M.D. numero 8, 8 marzo 2006

Note stonate
A proposito della gestione dei servizi territoriali
di Luter Blisset
Alcuni concetti espressi nell’articolo sulla clinical governance in medicina generale (M.D. 2005; 37: 4-6) mi hanno stimolato delle riflessioni. Nell’articolo, per esempio, si sostiene che per passare dalla teoria alla pratica della clinical governance è necessario che i modelli nascano dal basso, cioè dai Mmg e, soprattutto, che non si possa separare l’atto clinico (della medicina generale) dalla sua gestione (che deve essere in carico agli stessi Mmg). Ma se i modelli devono partire dal basso e se la medicina di famiglia ha veramente un ruolo strategico nel buon funzionamento dell’assistenza del Ssn, allora ci troviamo di fronte a reiterate contraddizioni. Come è possibile, per esempio, che i servizi territoriali operanti a stretto contatto coi Mmg siano gestiti da non medici? I quali, peraltro, hanno una millesima parte delle responsabilità deontologiche, legali e professionali di un medico. Le alte dirigenze aziendali però sostengono strenuamente la candidatura dei non medici ai vertici dei servizi sul territorio. Ma quello che è paradossale è che per essi tali figure apicali (non mediche) non sbaglino mai, a differenza dei medici di famiglia, siano sempre encomiabili e se tavolta capita che l’errore sia evidente, si chiude lo stesso un occhio. Non di rado gli interessati dei misfatti organizzativi gestionali sono addirittura premiati.

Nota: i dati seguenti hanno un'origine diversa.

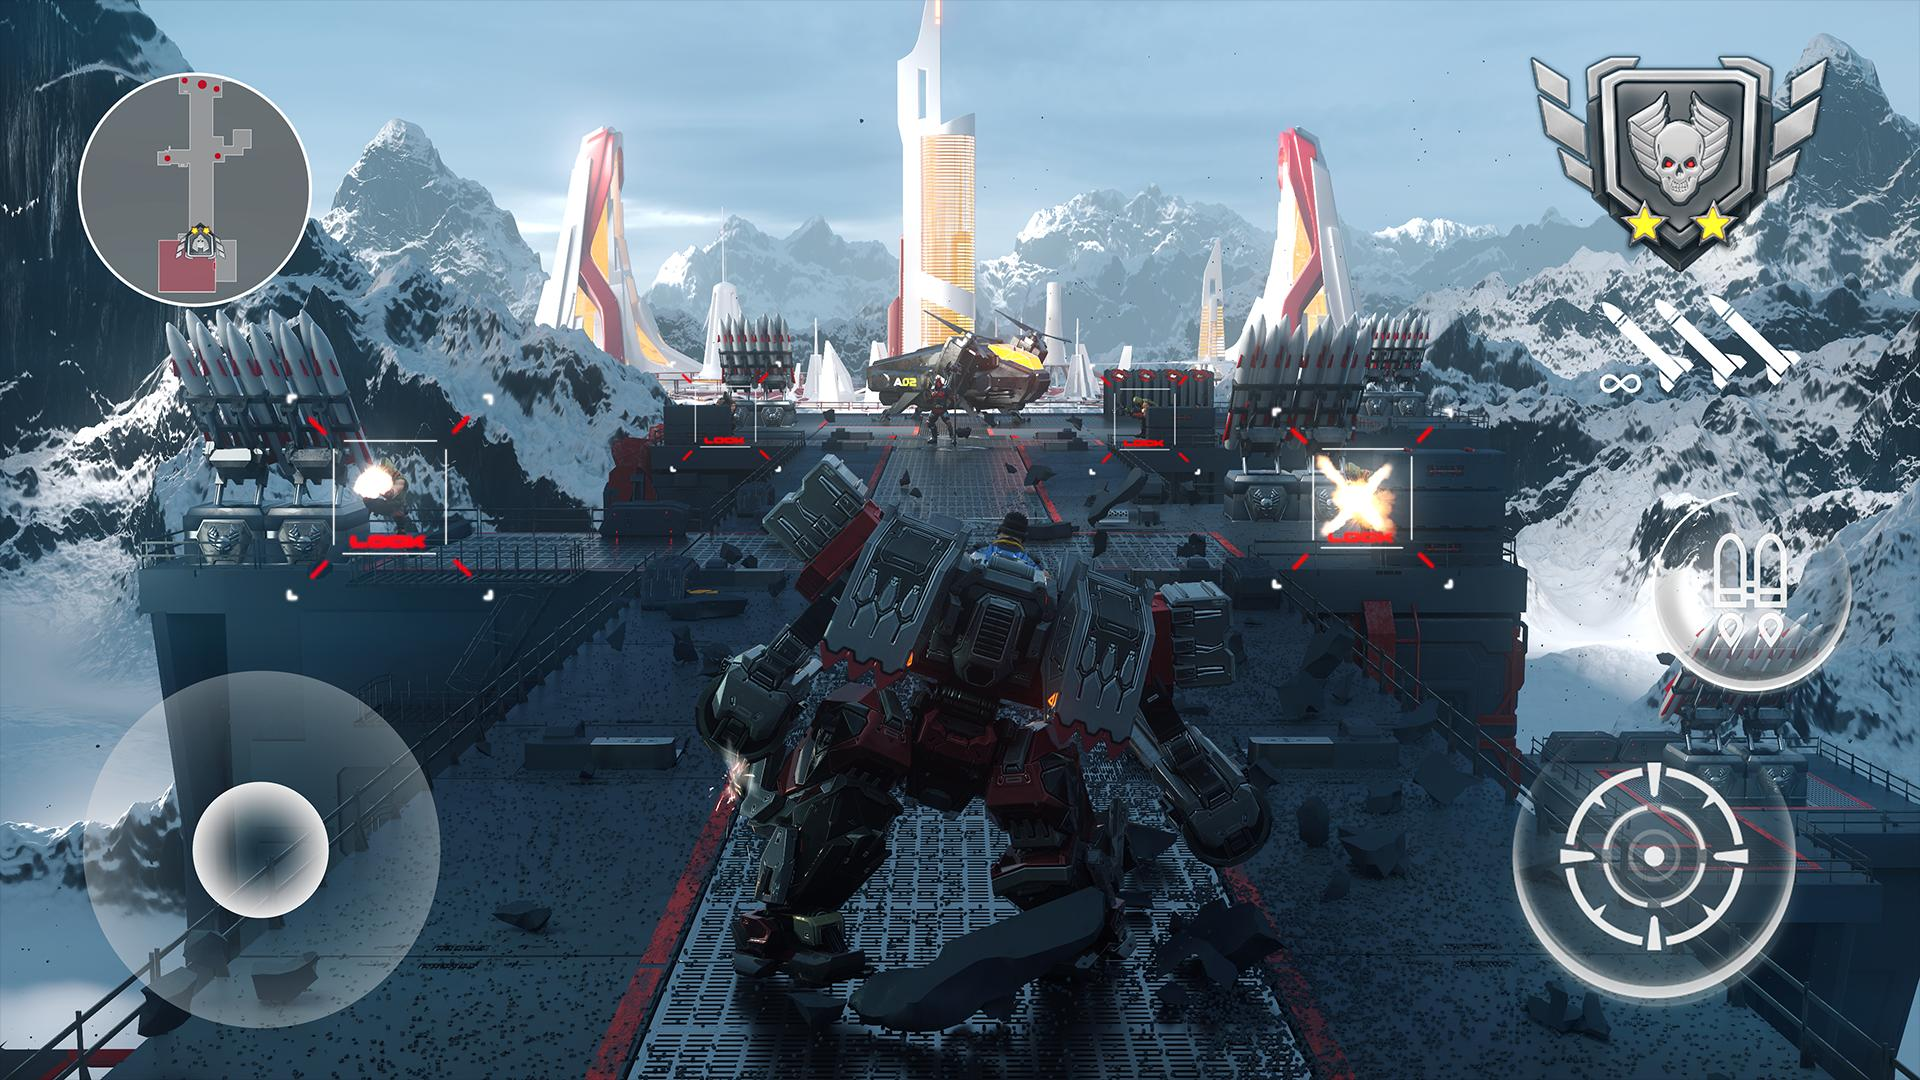 Evolution 2 Battle for Utopia. Action games 0.580.78866 Screenshot 1
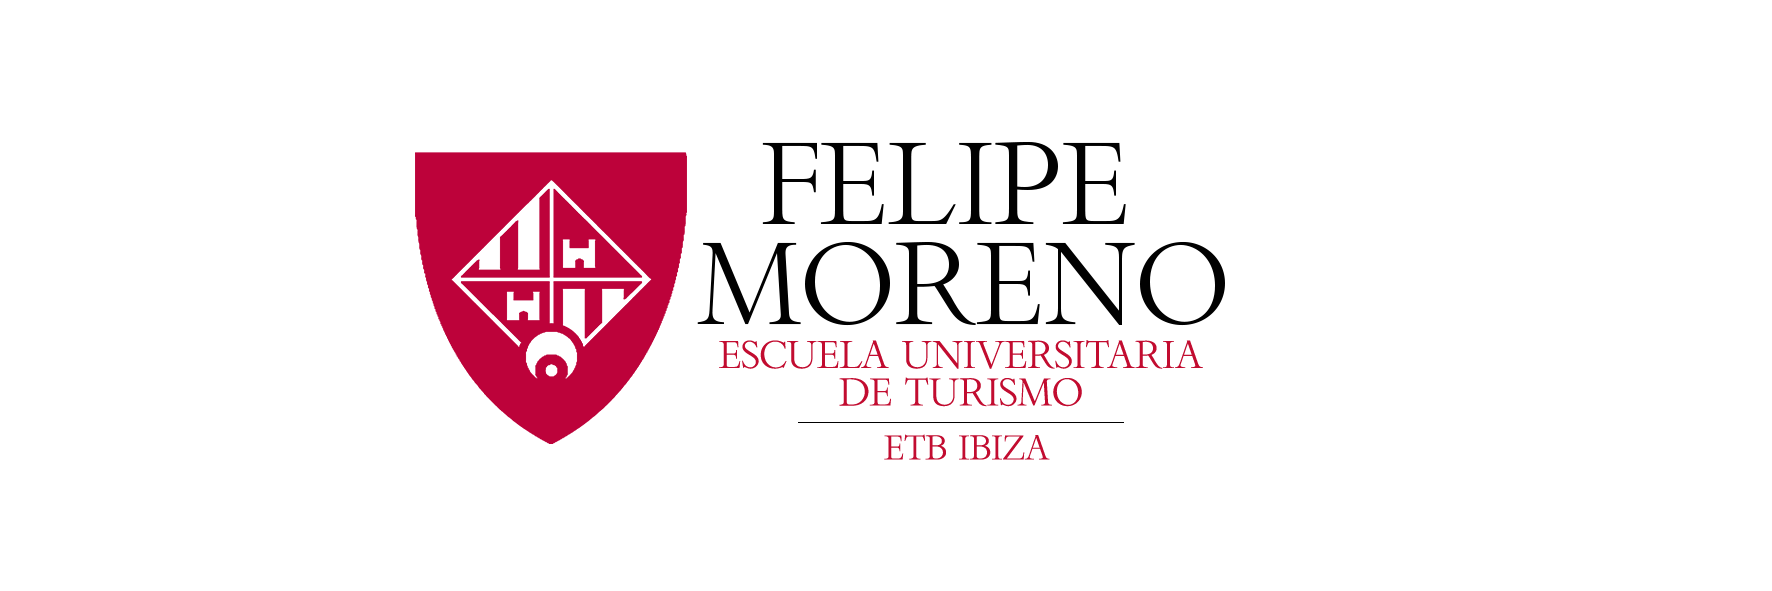 Escuela de Turismo Baleares

Analizzando le cose da un mero punto di vista economico-gestionale, visto che le risorse sono limitate, un medico che ha responsabilità e capacità gestionali e organizzative può anche fare attività di ambulatorio, sostituire colleghi in malattia o in ferie, ecc. Uno psicologo, per esempio non può fare ambulatorio. Le alte dirigenze amministrative, nascondendosi dietro la parola clinico, tendono a livellare le responsabilità che non sono per nulla sovrapponibili. Tutto ciò crea diseconomie a volte gravissime, mai considerate dalle Asl e neppure dai sindacati. In proposito, sono stato testimone del fatto che in un tavolo regionale riunito per affrontare la questione degli accordi regionali un rappresentante di un importante sindacato, dopo aver letto le bozze del testo che argomentava sui Nuclei di Cure Primarie (NCP), ha espresso il seguente concetto: “considerato che nella medicina generale vi è una importante componente psico-sociale non c’è da scandalizzarsi nel pensare che il coordinatore (ex-referente) del NCP possa essere un non medico”. Questo stato di cose procura un forte disagio nei medici che si traduce, a sua volta, in perdita di consensi. Sarebbe opportuno che le amministrazioni sanitarie regionali facessero un’analisi anche politica della situazione comunicativa e partecipativa. Al momento fanno orecchie da mercante, ma restano saldi sull’affermazione che ciò che continua a rovinare la sanità italiana, guarda un po’, è la prescrizione farmaceutica dei medici di famiglia.